Результат тридцатилетней революционной борьбы: пролетариат не имеет права «шептать», не имеет права свободы слова, печати, собраний, организаций партий. А я, пролетарий, вынесший за свои идеи, за принадлежность к партии большевиков больше, чем все члены Политбюро и ЦК вместе взятые, я не имею права не только говорить и шептать, но иначе думать, по-своему понимать интересы моего класса, пролетариата, и жить в Союзе Советских Социалистических Республик, вместе с моими детьми и женой. [87] Нет, Лукояновы этого не потерпят. И вот, спасаясь от Лукояновых, я бегу в буржуазную Францию, чтобы немного передохнуть от непрестанных ласк Лукояновых, от беспрерывных тюрем и ссылок и опять тюрем и ссылок. И здесь я получаю возможность не только думать, но и писать. Это ли не трагедия пролетариата?
87
Жена Г.И. — Мясникова (урожд. Варнина) Дарья Григорьевна (1895— после 1946). Его дети — Юрий (1919 г.р.), Вадим (1922 г.р.) и Борис (1923 г.р.) — погибли на фронтах Великой Отечественной войны. Фотография, где они все трое изображены в матросках, была послана отцу в Париж в 1930 с надписью: «Матросы с разбитого корабля (как они себя называют) приехали к тебе».
В 1918 году Лукояновы — это было не правило, а многократно повторяющееся отступление от правила. Это был симптом. Теперь лукояновщина — с 1921 года, возведена в принцип. В норму. В закон. Бессудные расправы над инакомыслящими пролетариями — явление бытовое, обычное, нормальное. А все махинации с ЧК и с ГПУ дела нисколько не изменяют. Пролетариат СССР не имеет права свобод: слова, печати, собраний, организации. И где сидит Лукоянов — на Лубянке или на Красной площади — он одинаково приятен пролетариату.
– Так вот. В 1918 стоило ли рвать приказы Ленина и Свердлова и убивать Михаила?
Я боролся, борюсь и буду бороться за наше рабочее государство, основы которого намечены выше. Но не боролся за свободу Лукояновых расправляться с нами, пролетариями, за то, что мы осмеливаемся шептать. Не за лукояновскую свободу я боролся, а за пролетарскую.

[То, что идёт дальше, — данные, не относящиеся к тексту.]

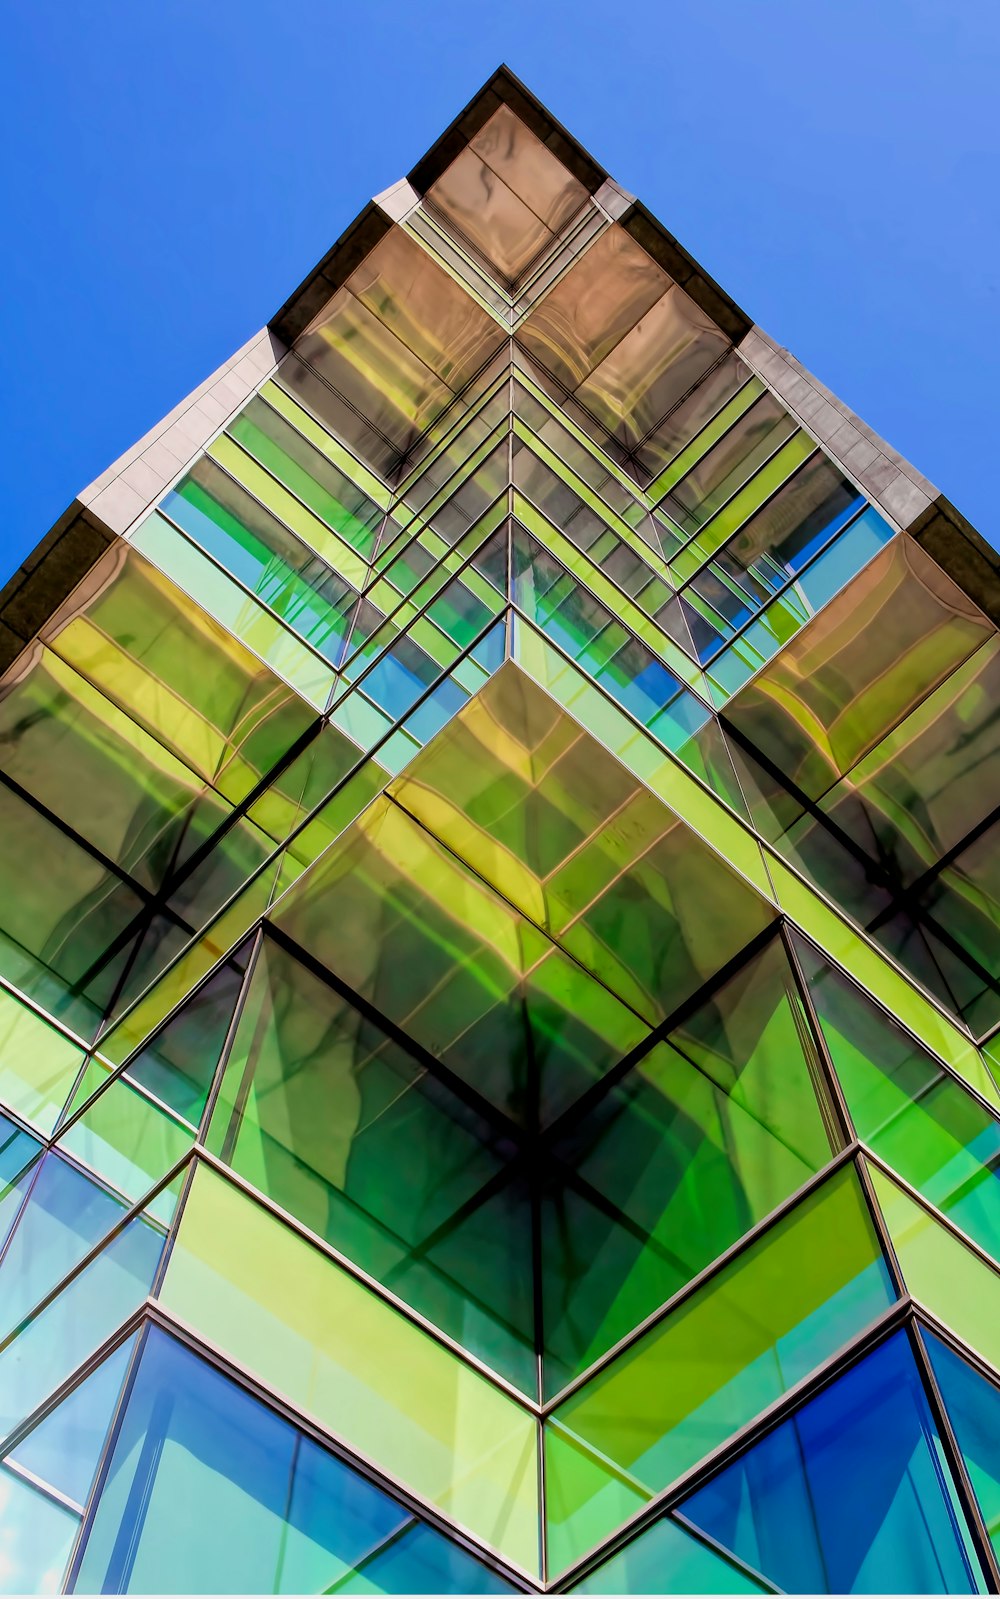 Photographie d’architecture d’un bâtiment en verre vert et bleu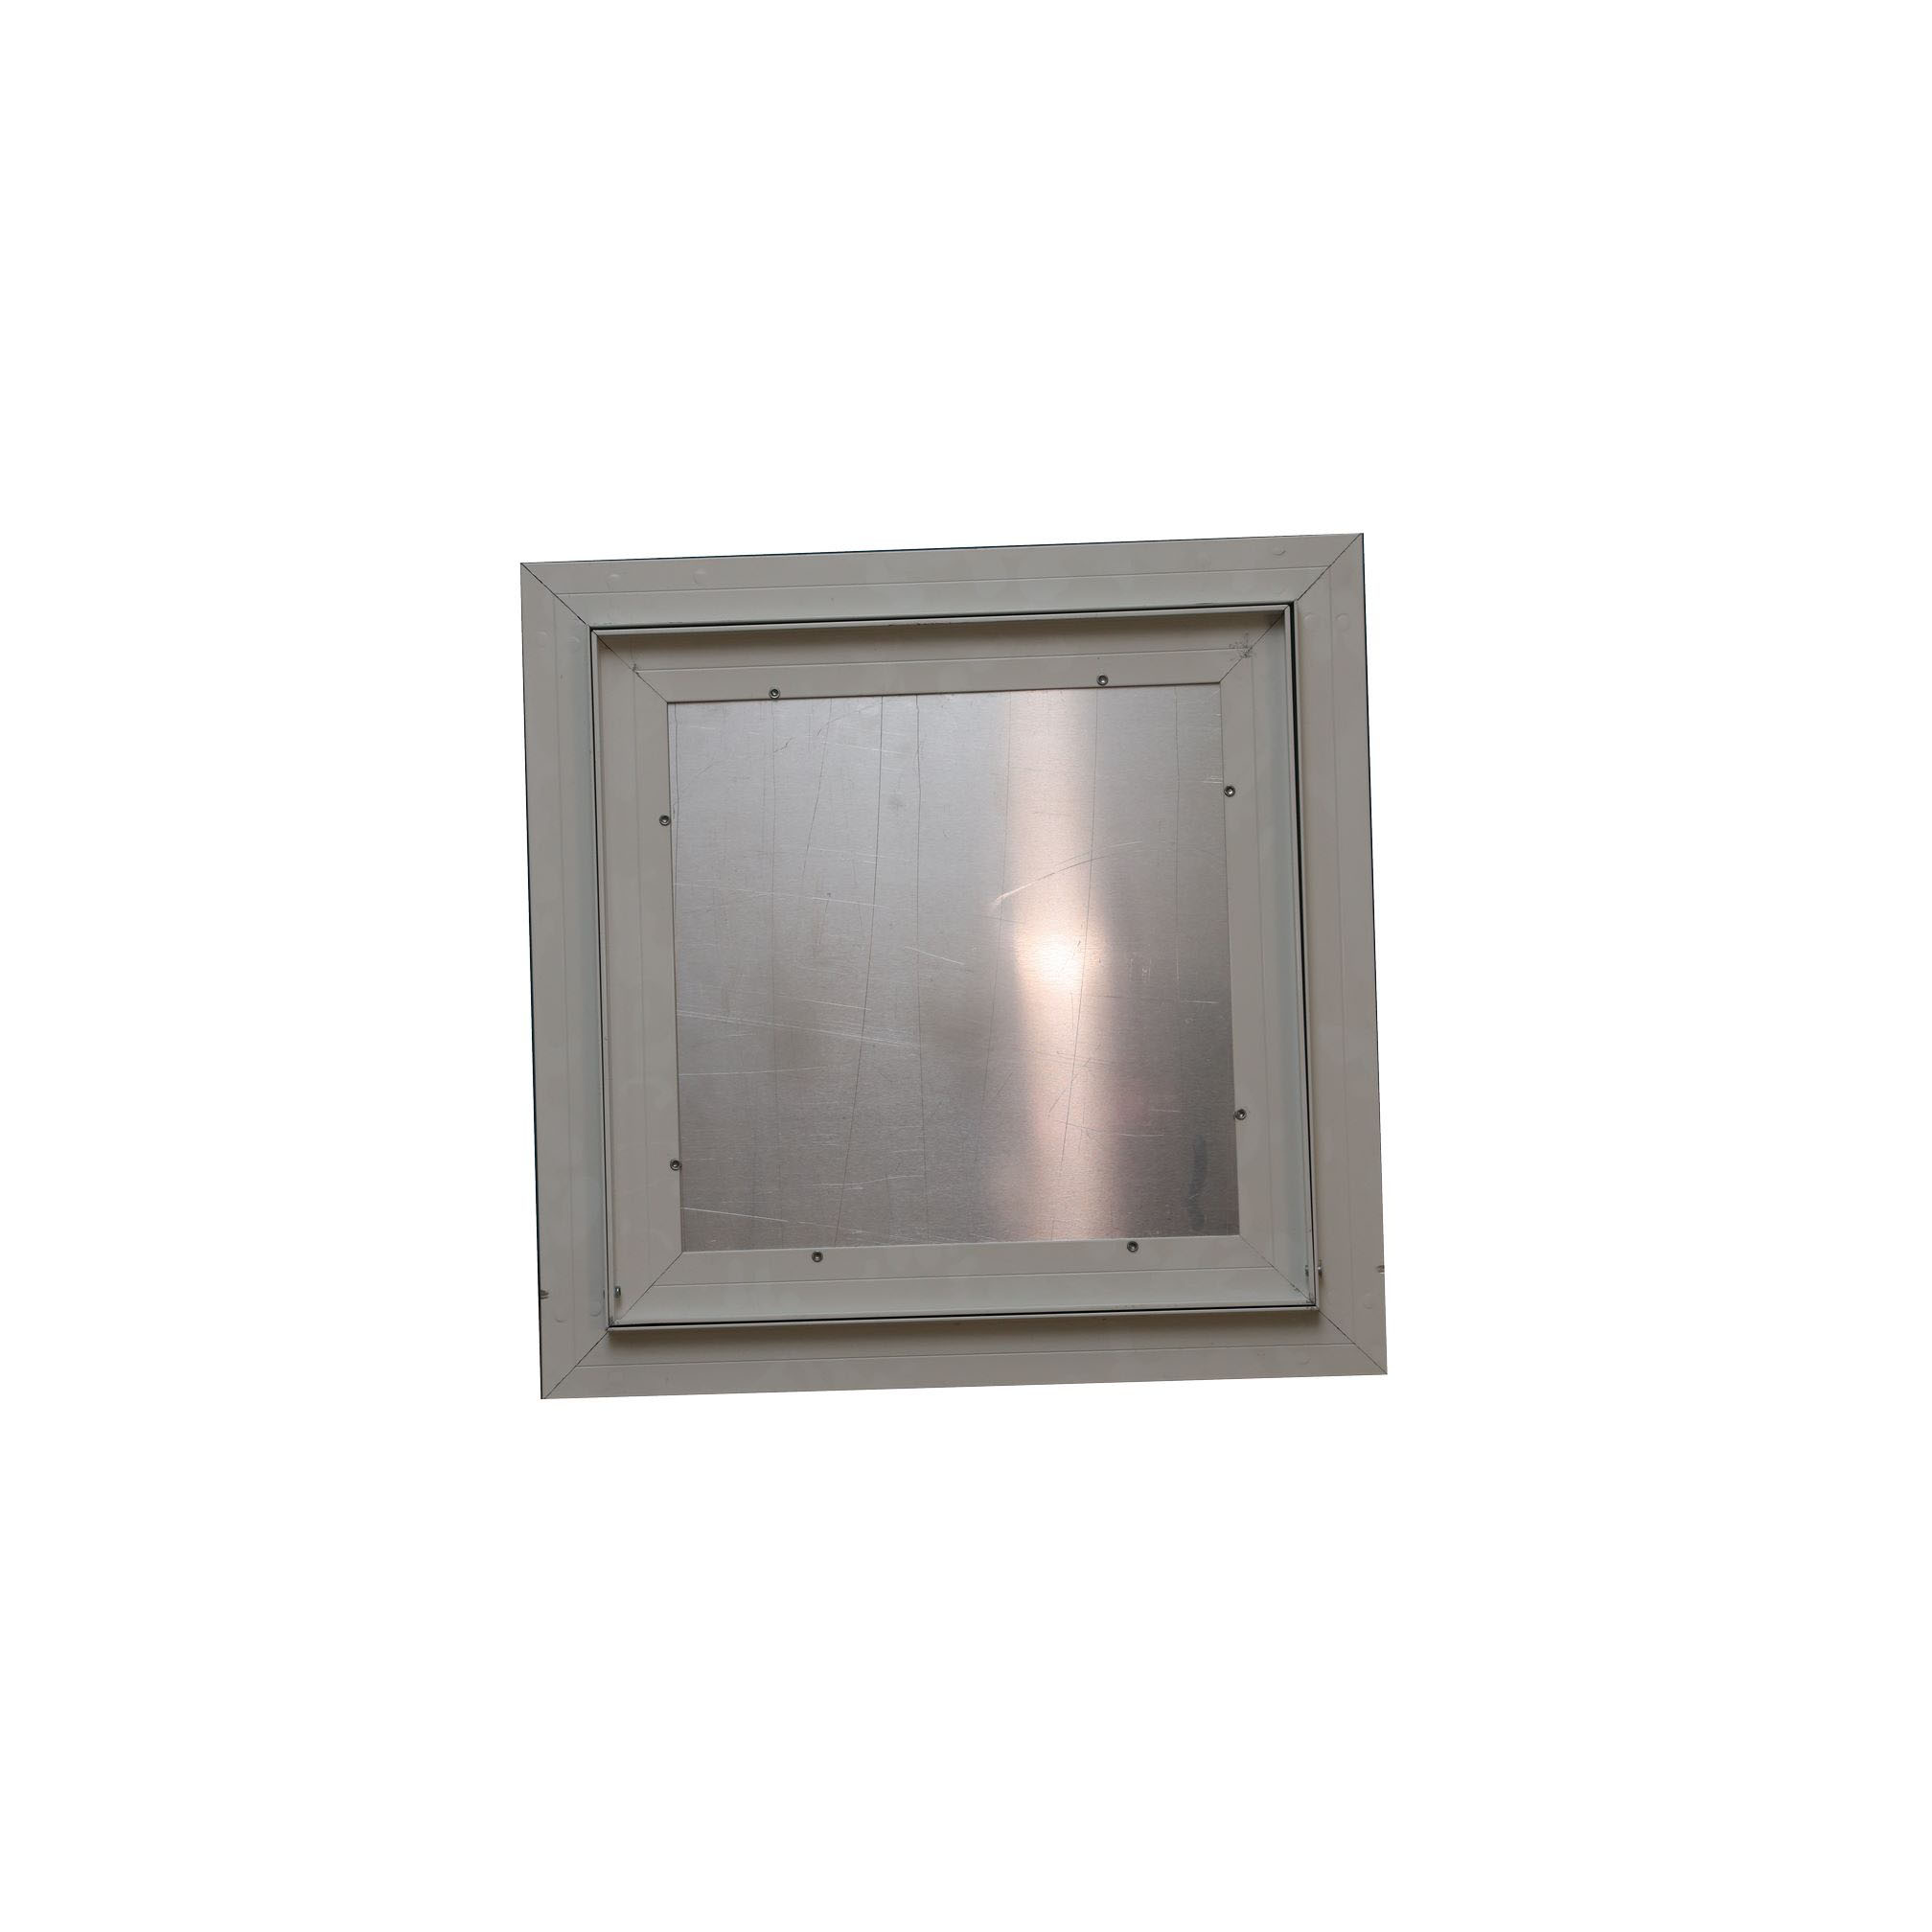 Ceiling Access Door - Aluminium - 40X40Cm

На пути к цели лежала помеха. Я ее убрал. Мотовилиха всего Союза уберет лукояновых. И потому:
Самовластительный злодей, Тебя, твой трон я ненавижу, Твою погибель, смерть детей С жестокой радостию вижу. Читают на твоем челе Печать проклятия народы, Ты ужас мира, стыд природы, Упрек ты богу на земле. [88]88
Из оды А.С.Пушкина «Вольность». Ср.: «Б. И. [Николаевский] передал мне рассказ Мясникова, что когда он был еще молодым рабочим и впервые был арестован за революционную деятельность и заключен в тюрьму, то, беря из тюремной библиотеки книги, читал Пушкина, как говорят, «запоем» (оказывается, Пушкин — «любимый поэт» Мясникова!) И вот Мясников наткнулся на стихотворение «Кинжал». «И он, — говорит Б.И., — рассказывал, что 'Кинжал' произвел на него такое потрясающее впечатление, что в тюрьме он внутренне поклялся стать именно вот таким революционным 'кинжалом'. Вот где психологические корни его убийства великого князя. И говорил он об этом очень искренне...»» (Гуль Р. Указ. соч. С.217–218).
Оправдала ли история наш акт?
– Оправдались ли наши предвидения?
– Да, полностью, целиком.
Всем известно, что белогвардейцы и интервенционисты всех стран в 1919 году с юго-запада подходили к Туле, с северо-востока продвинулись за Казань, с запада были в 4 километрах от Петрограда, с севера были около Вологды. Это при условии, когда контрреволюция была лишена знамени, была лишена программы, способной мобилизовать более значительные силы как внутри, так и вне страны. Михаил Романов с его жестом в пользу Учредительного собрания был бы этим знаменем, этой программой, которая бы сделала всех с-р-ов (за исключением группы Марии Спиридоновой), а также всех меньшевиков (за исключением группы Лозовского и Мартова) сторонниками Михаила Романова, ведущего страну к Учредительному Собранию. А это, несомненно, отразилось бы в сильнейшей степени на поддержке всем капиталистическим миром контрреволюции. И если контрреволюция в состоянии была запереть революционные силы в маленьком кругу (размеров Московского государства времен Ивана Калиты), то фирма Михаила способна была бы сделать значительно больше, и кто знает, не стоило бы это головы Советской власти? И во всяком случае, это стоило бы не одной сотни тысяч рабоче-крестьянских жизней.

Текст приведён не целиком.